"So this is what a real bus smells like," thought Clara as she mentally untangled the rat's nest of hair dangling from the girl in front of her. She looked a little older – seventeen, maybe eighteen – and she was the only other non-adult on the bus. The girl had on an especially pungent type of patchouli, which Clara knew from Jerilyn and her parties. Jerilyn – how many times per hour did that name pop into her head? The aroma gave Clara a flashback that only lasted until the body odor of a skinny older man passing by in the aisle assaulted her. "Patchouli, b.o., and gas fumes are the scent palette of the day? Lovely."

As she watched the passing landscapes – suburbs changing to highways changing to farmlands changing to coastal roadways – Clara remembered a diatribe she'd launched against school buses and buses in general during her Freshman year.

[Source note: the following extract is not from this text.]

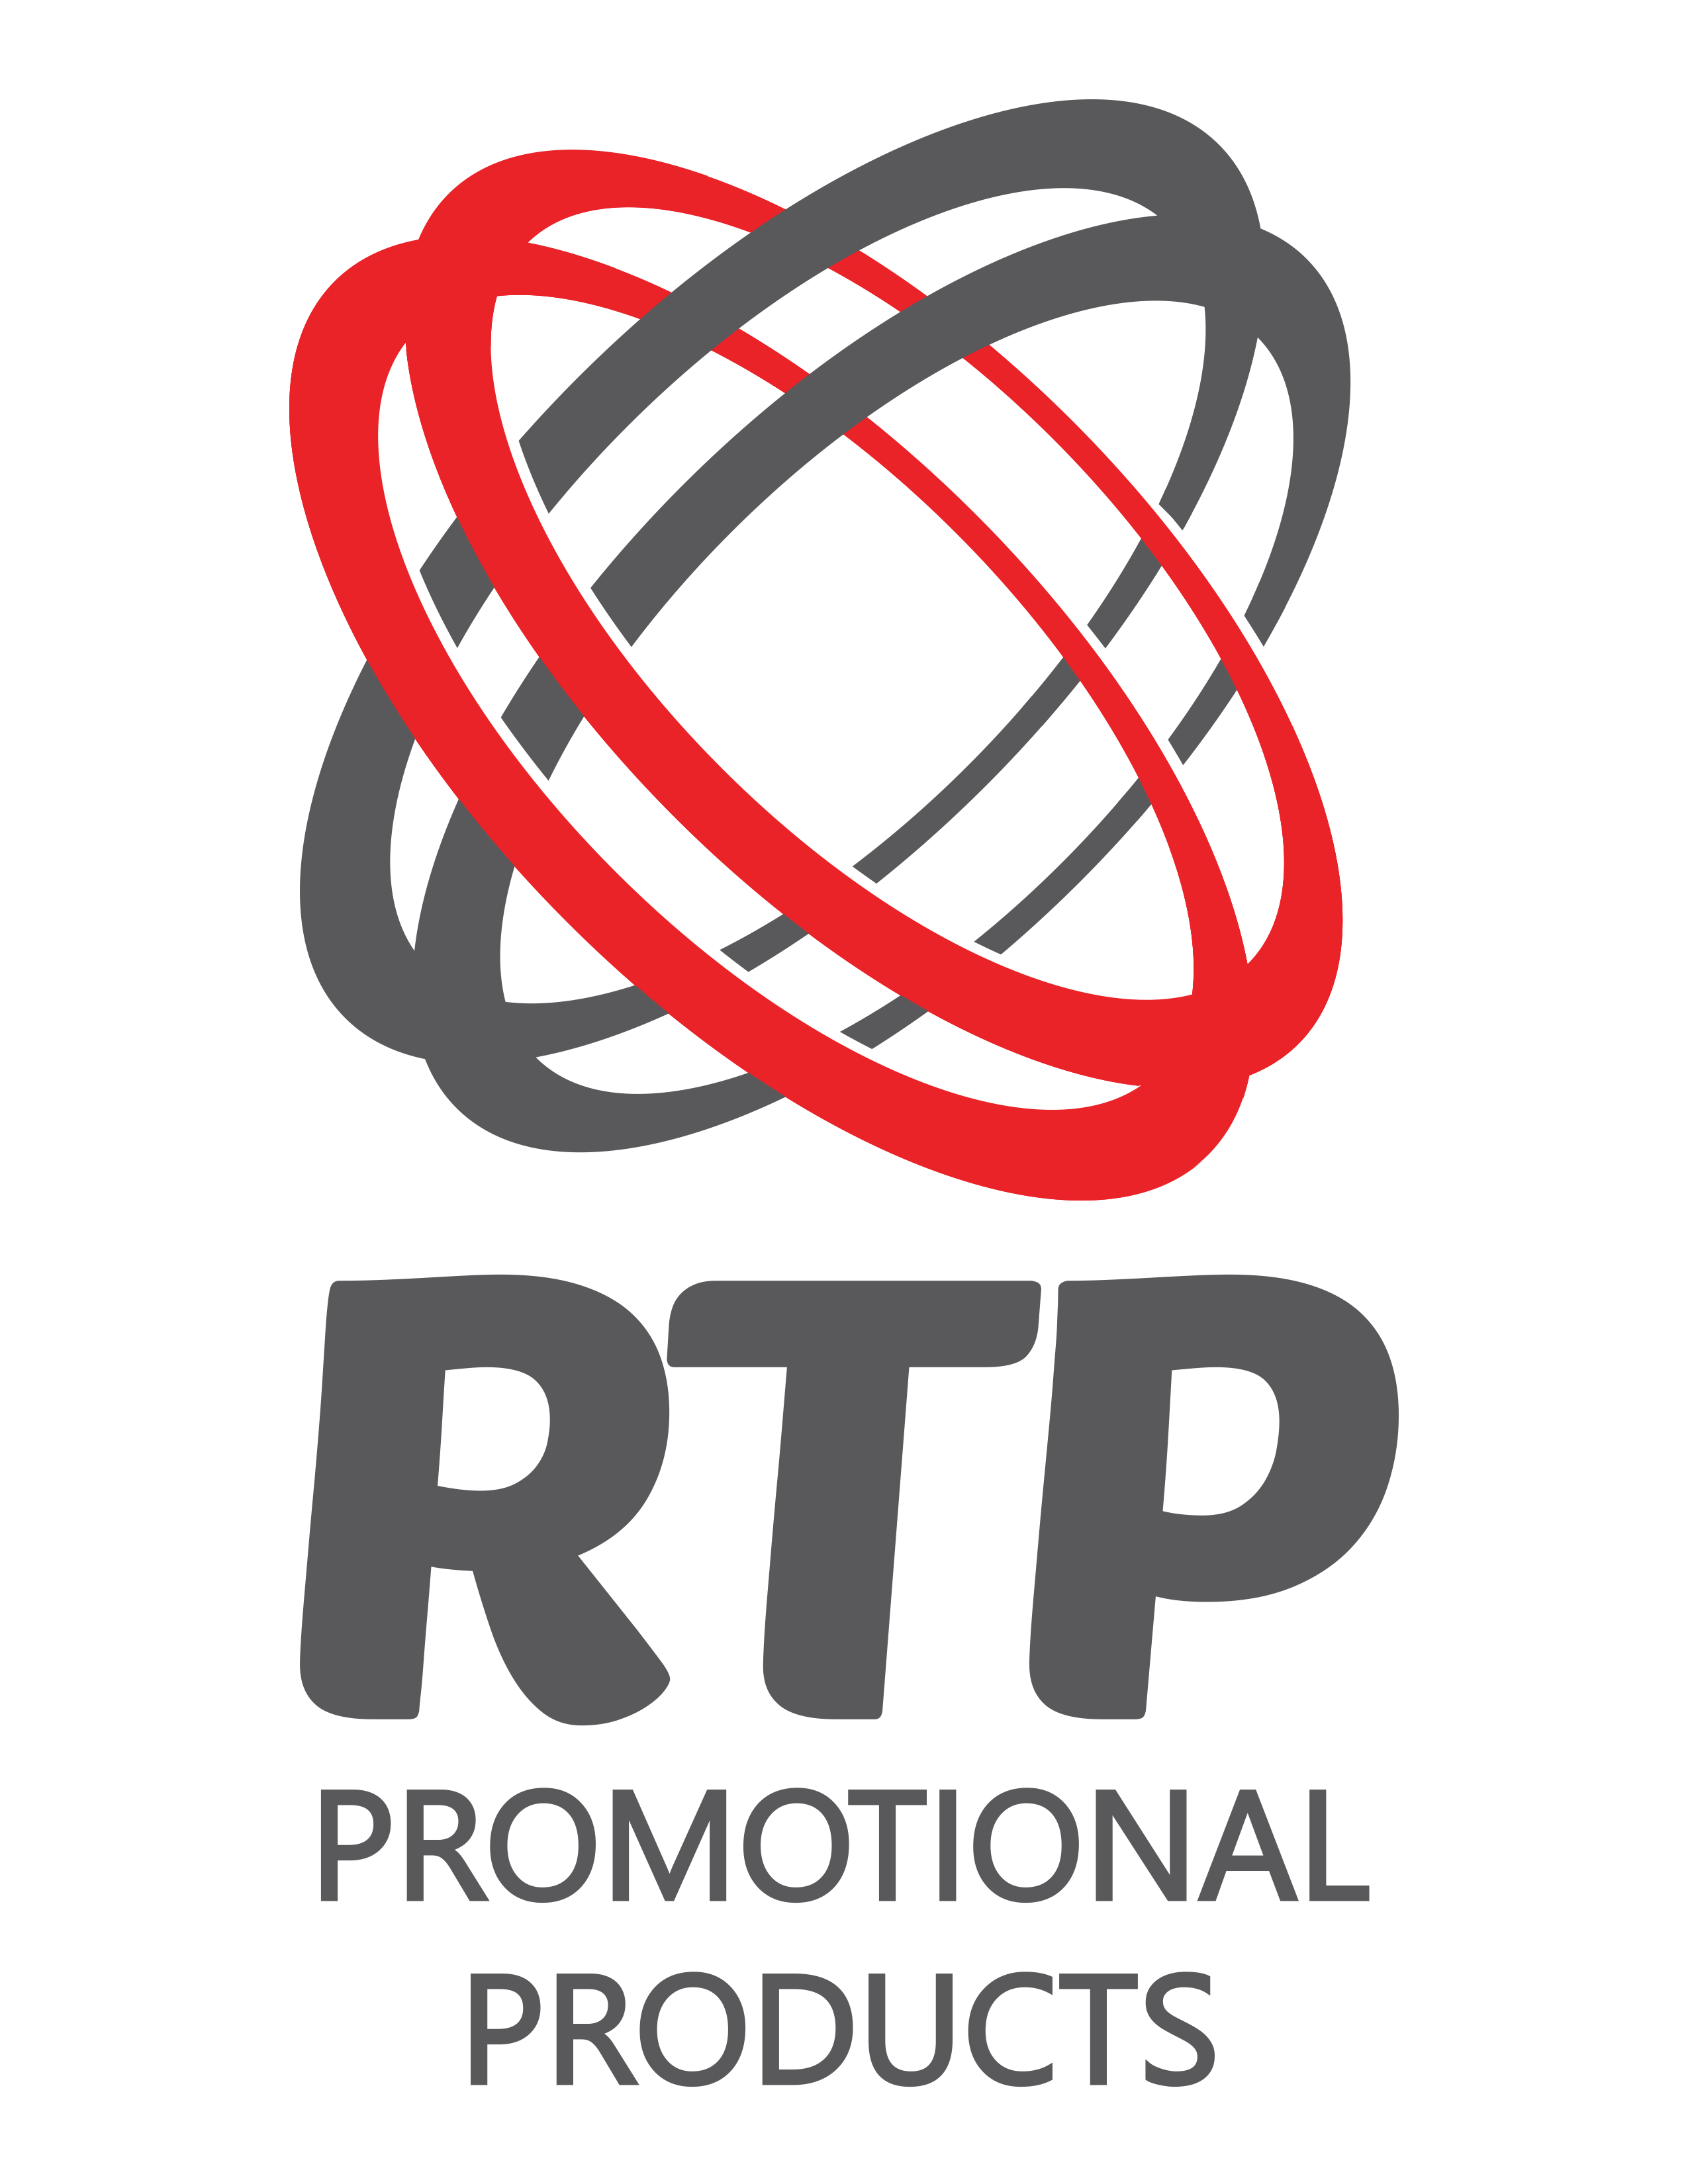 RT3P_PrimaryMark_001_Vertical

It got her laughs from her friends, but that ended when a boy sitting nearby told her she was too judgmental and called her "The Debutante". Even two years later, remembering that moment stung. She tried on the idea for the first time. "Maybe I am too judgmental," she thought, and stopped herself before the next thought could come along to soften the blow. She went back to the promise she'd made herself before leaving – to be open to new things this summer, and to let the experience change her for the better. No more looking down on buses – school or otherwise.

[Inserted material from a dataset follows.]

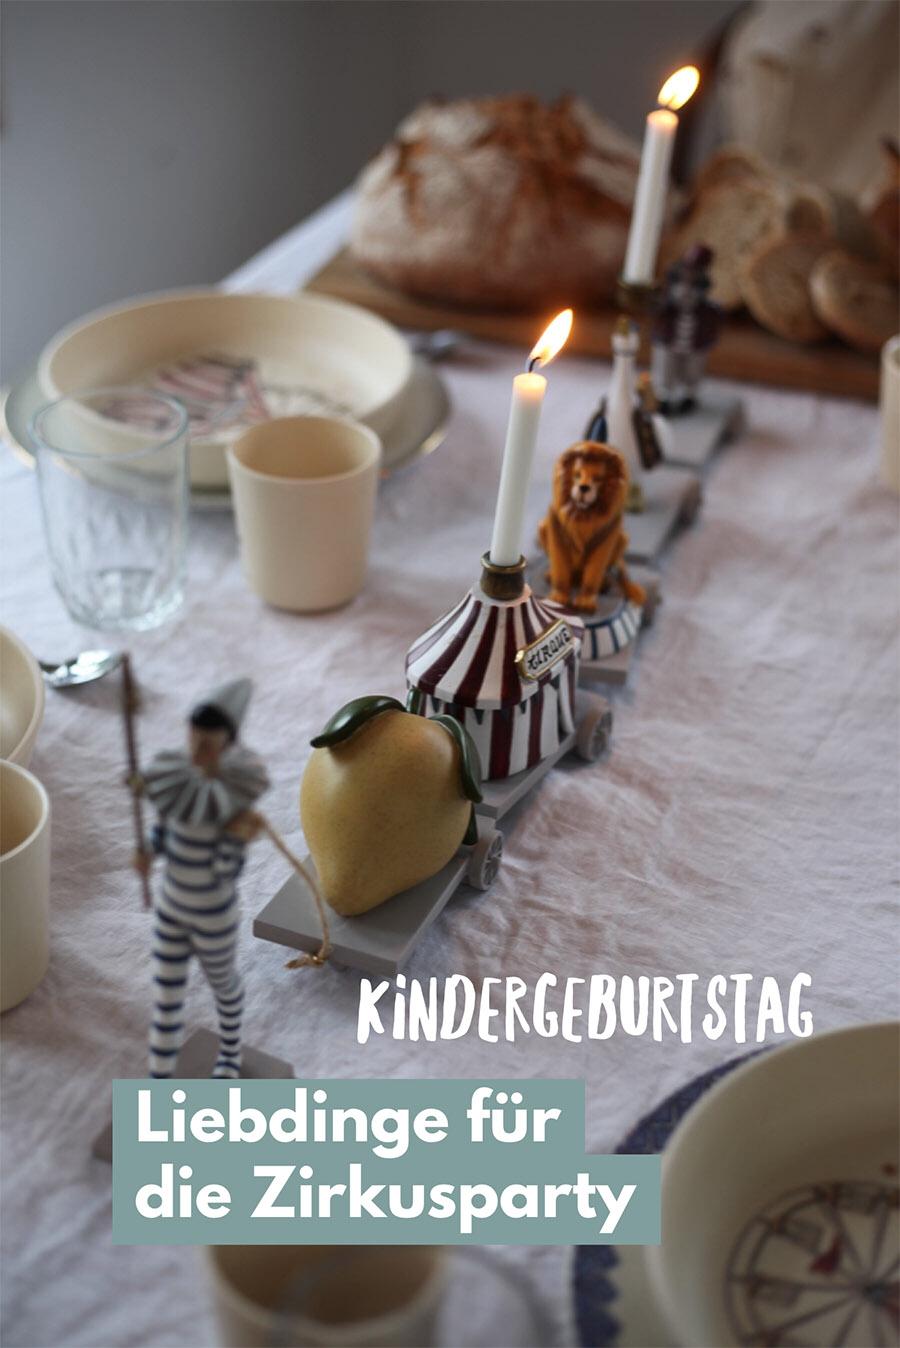 Happy children's birthday: We celebrate a circus party #kindergeburtstag #geburtstag #circus party

The bus slowed to a stop. Up front, the driver paid the toll before bringing it onto a bridge that didn't look like it could possibly hold all the vehicles crossing it. "We've got to be close now," Clara thought. Then she realized that she'd actually know how close she was to Breach Point if she still had her phone. She thought back to her mother taking her phone away before she left on the trip, and the reason she did it – which led back to Jerilyn.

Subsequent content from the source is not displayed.